Lo, I am with you alway[s], even unto the end of the world.
—Matthew 28:20
When the Lord chose His twelve disciples, it was so “that they should be with Him, and that He might send them forth to preach” (Mark 3:14). A life in fellowship with Him was to be their preparation for the work of preaching.
The disciples were so deeply conscious of having this great privilege that when Christ spoke of leaving them, their hearts were filled with great sorrow. The presence of Christ had become indispensable to them; they could not think of living without Him. To comfort them, Christ gave them the promise of the Holy Spirit, with the assurance that they then would have Himself in His heavenly presence in a far deeper and more intimate sense than they ever had known on earth. Their first calling remained unchanged; to be with Him, to live in unbroken fellowship with Him, would be the secret of power to preach and to testify of Him.
When Christ gave them the Great Commission to “go ye therefore, and teach all nations, baptizing them in the name of the Father, and of the Son, and of the Holy Ghost: Teaching them to observe all things whatsoever I have commanded you” (Matthew 28:19–20), He added the words, “Lo, I am with you alway[s], even unto the end of the world.”
This principle holds good for all Christ’s servants for all time, as it did for the twelve disciples: without the experience of His presence always abiding with them, their preaching would have no power. The secret of their strength would be the living testimony that Jesus Christ was with them every moment, inspiring, directing, and strengthening them. It was this reality that made them so bold in preaching Him as the Crucified One in the midst of His enemies. They never for a moment regretted His bodily absence; they had Him with them and in them, in the divine power of the Holy Spirit.

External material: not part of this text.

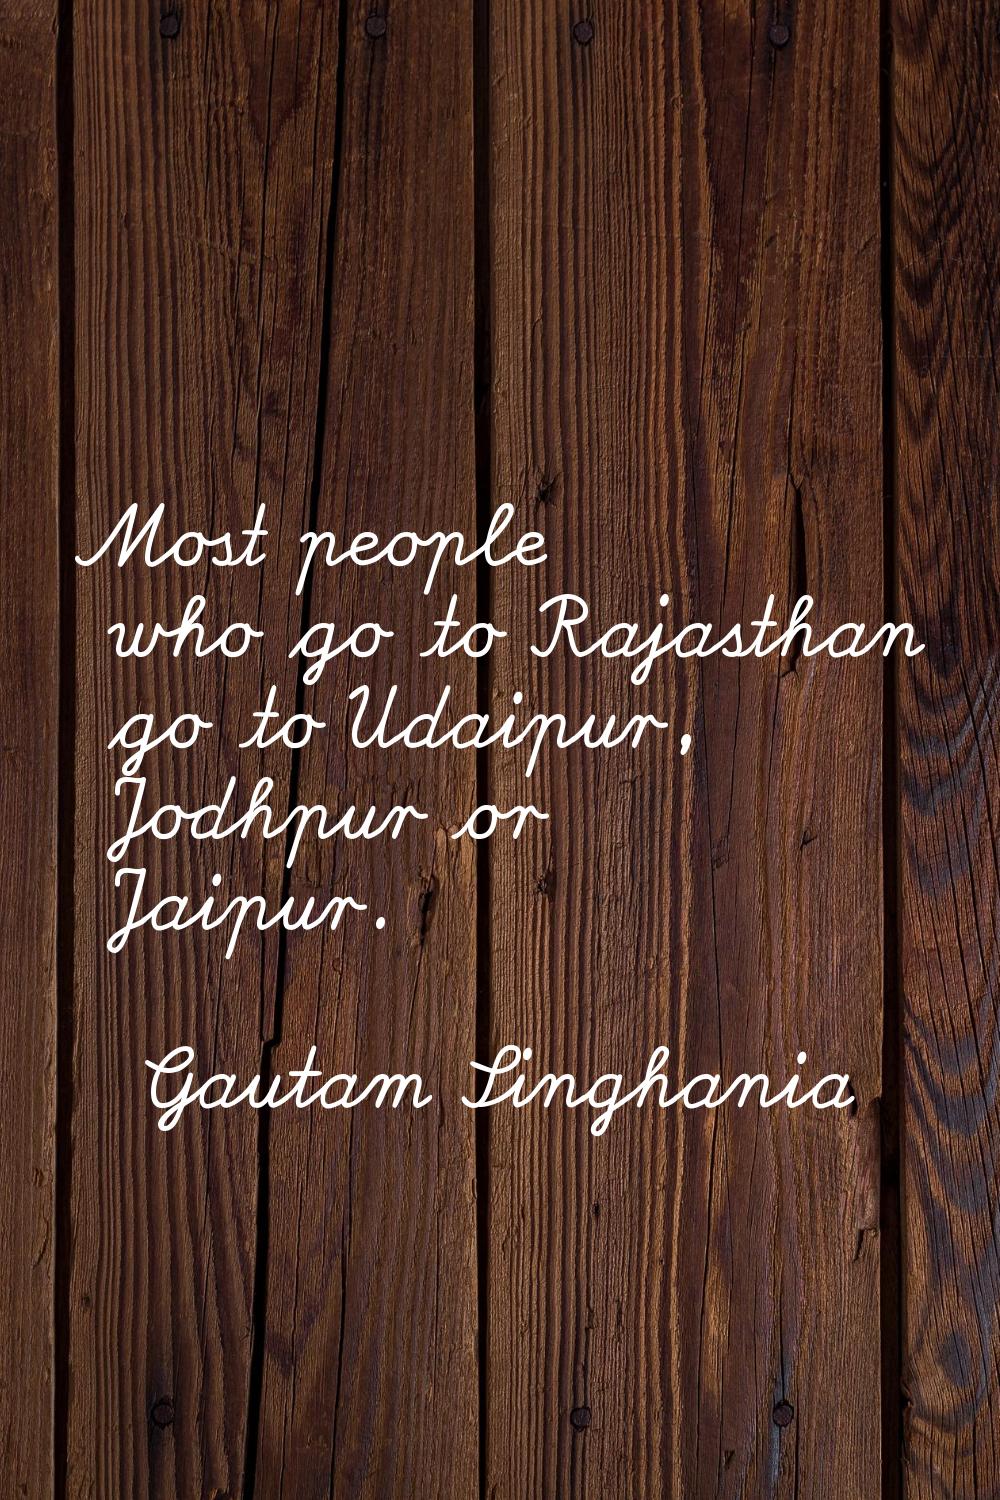 Most people who go to Rajasthan go to Udaipur, Jodhpur or Jaipur.

In all the work of the minister and the missionary, everything depends on an awareness, through a living faith, of the abiding presence of the Lord with His servant. The living experience of the presence of Jesus is an essential element in preaching the gospel. If this is clouded, our work becomes a human effort, without the freshness and the power of the heavenly life. And nothing can bring back the power and the blessing besides a return to the Master’s feet, so that He may breathe into the heart, in divine power, His blessed words: “Lo, I am with you alway[s].”